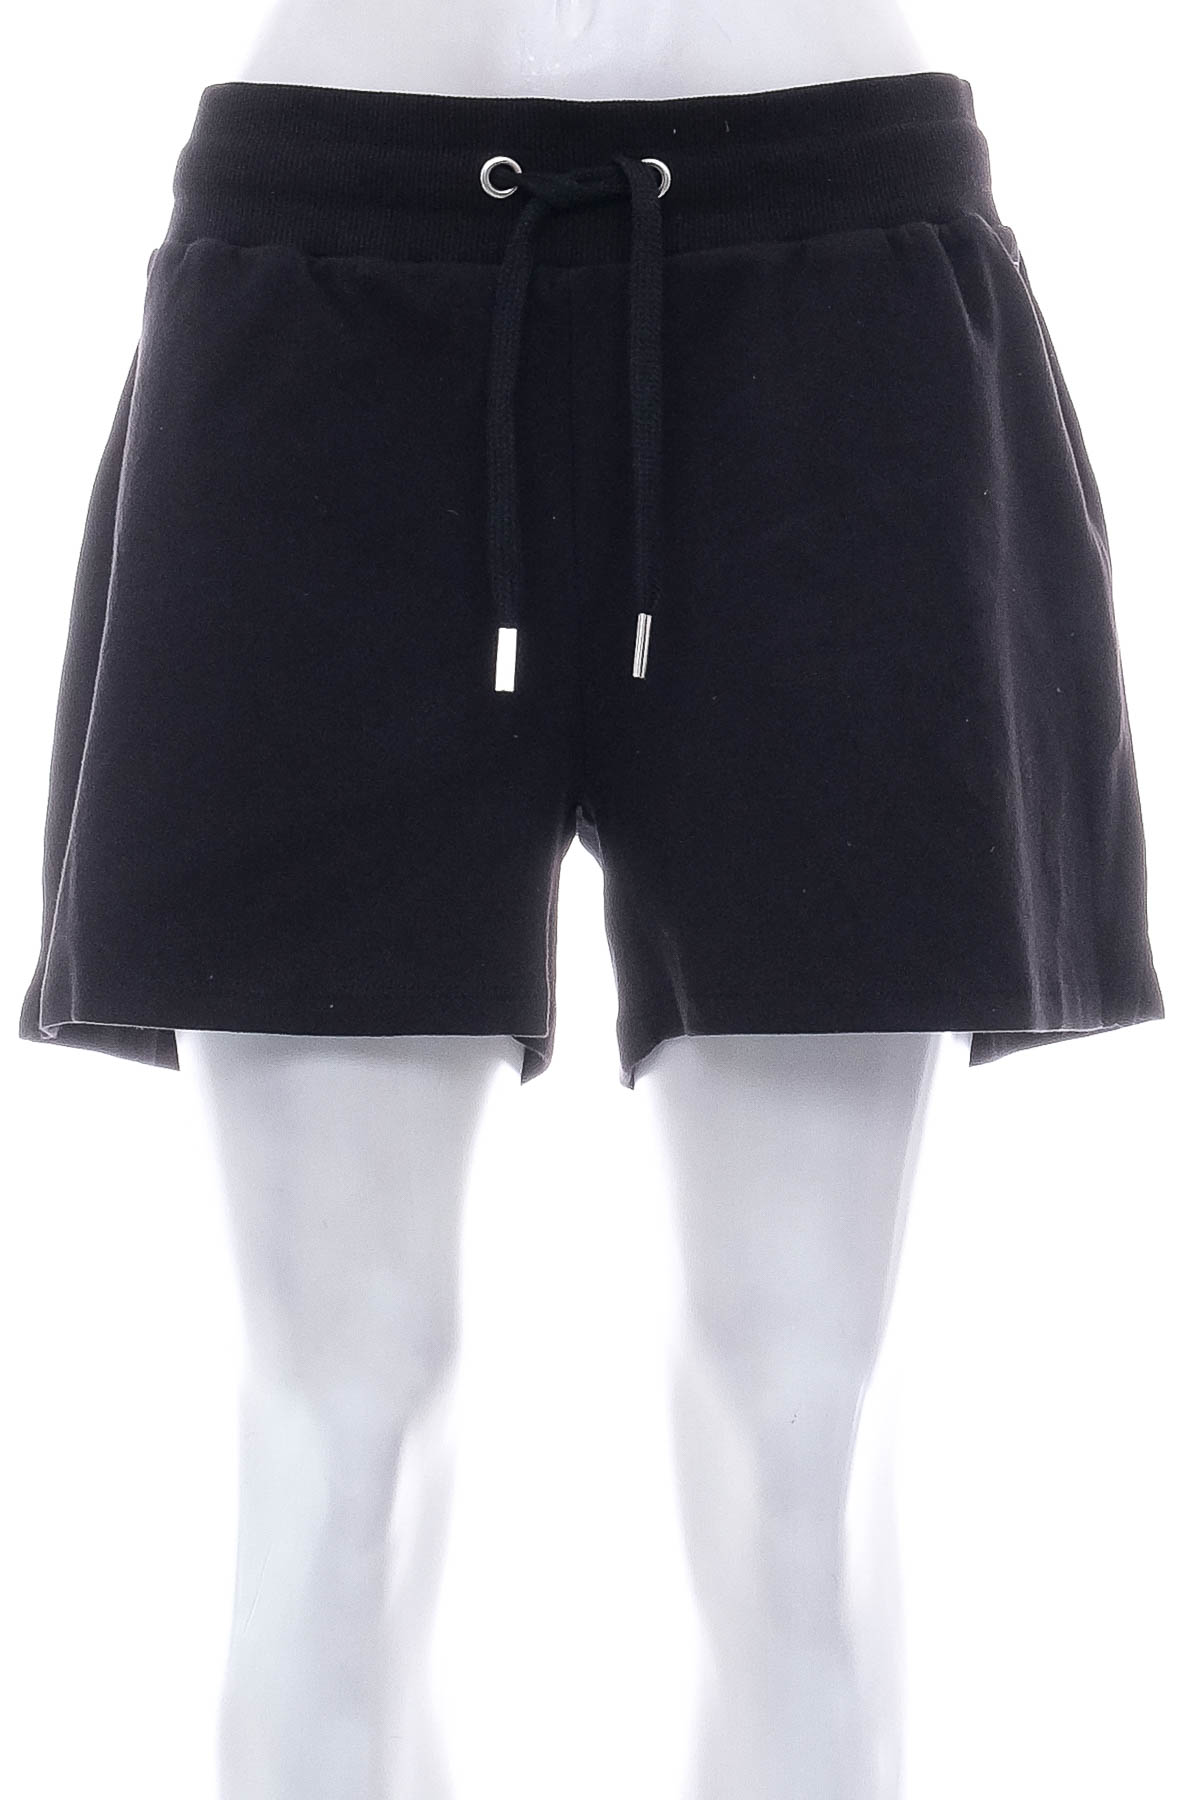 Female shorts - Lascana - 0
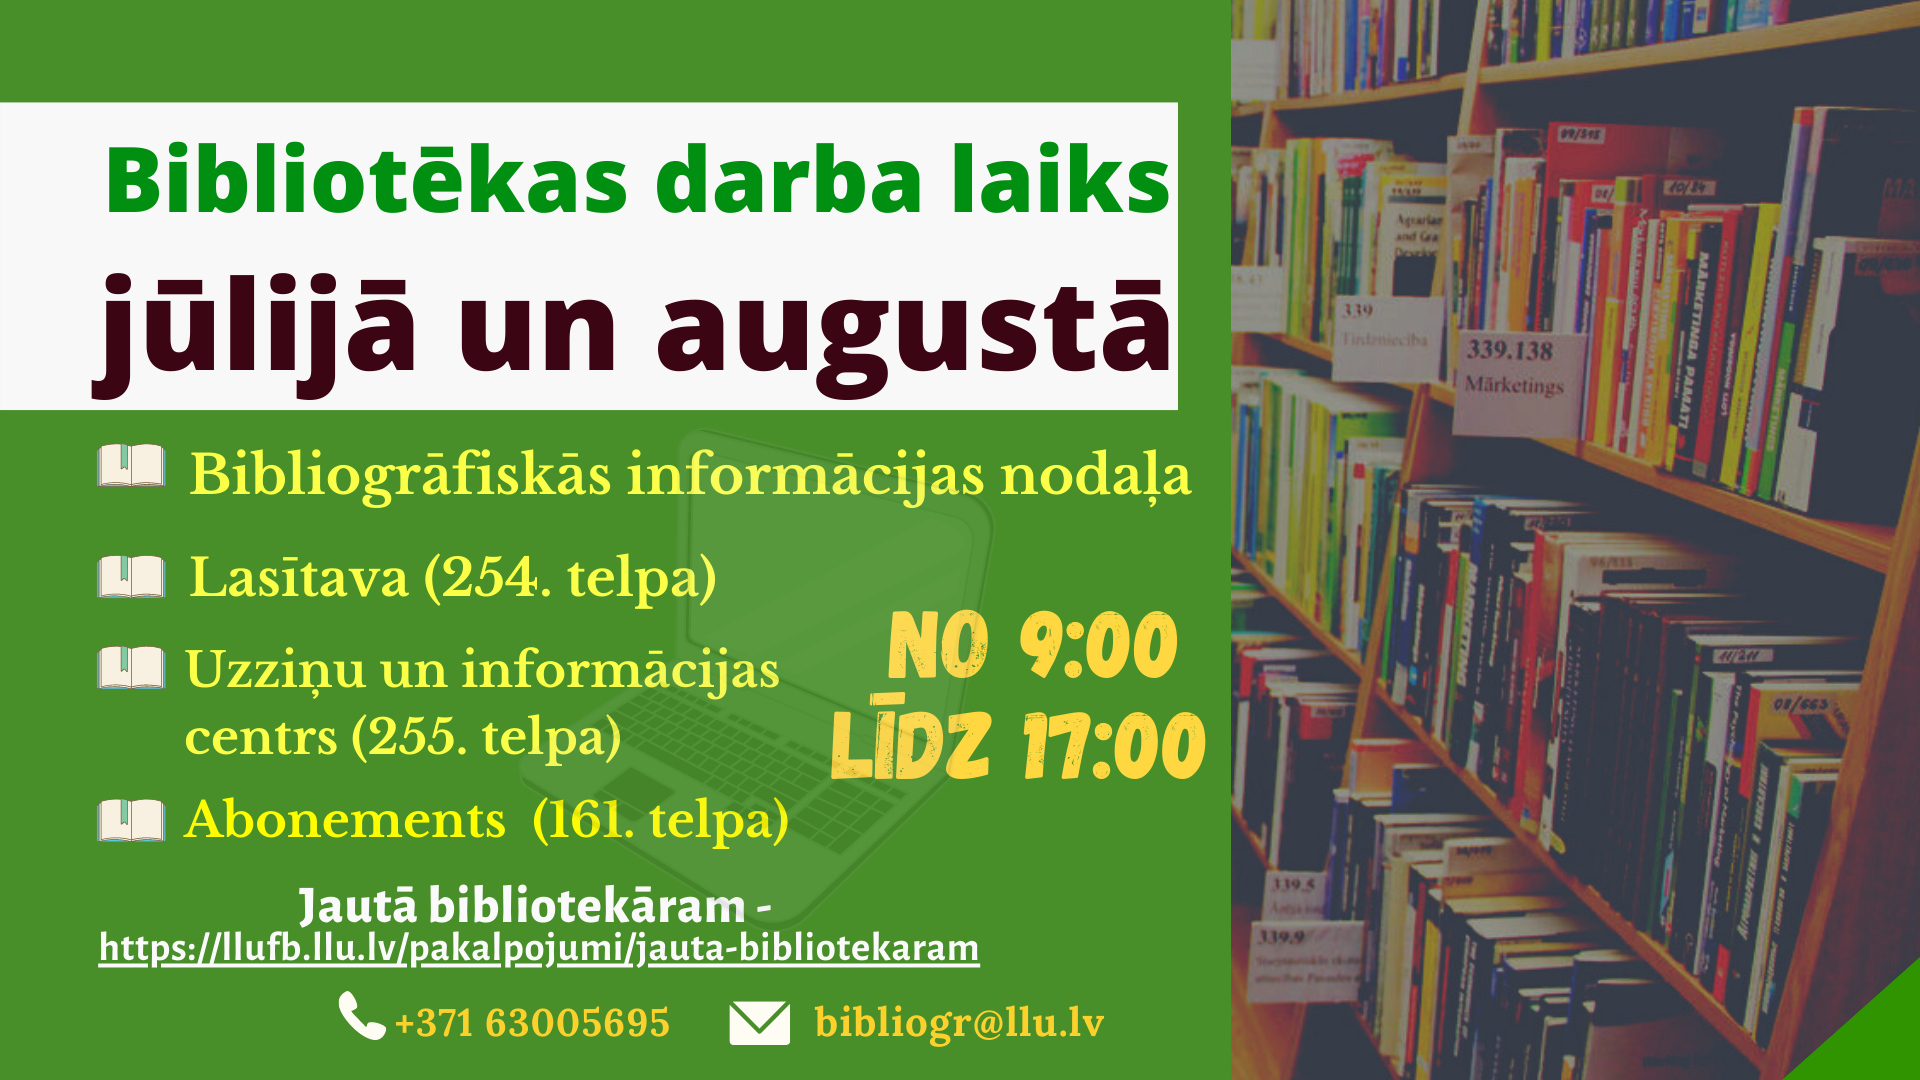 Latvijas Lauksaimniecības universitātes Fundamentālā bibliotēka jūlijā un augustā atvērta no 9:00 līdz 17:00
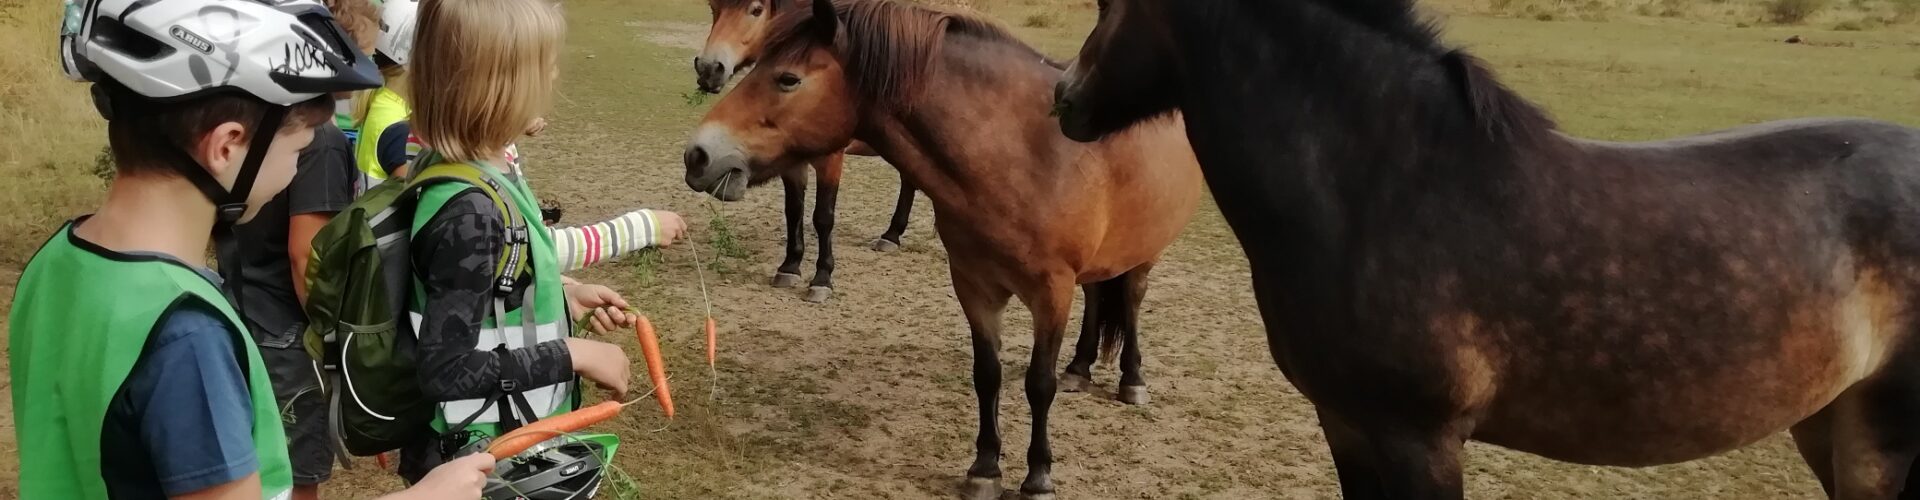 3 Exmoore-Ponys (Wildpferde) werden von den Jungen Naturwächtern mit frische Möhren gefüttert

PROBLEM STATEMENT:
Rewrite the data above exactly as given, but omit the images.

FINISHED EXERCISE:
 Female shorts - Lascana - 0
 Latvijas Lauksaimniecības universitātes Fundamentālā bibliotēka jūlijā un augustā atvērta no 9:00 līdz 17:00
 3 Exmoore-Ponys (Wildpferde) werden von den Jungen Naturwächtern mit frische Möhren gefüttert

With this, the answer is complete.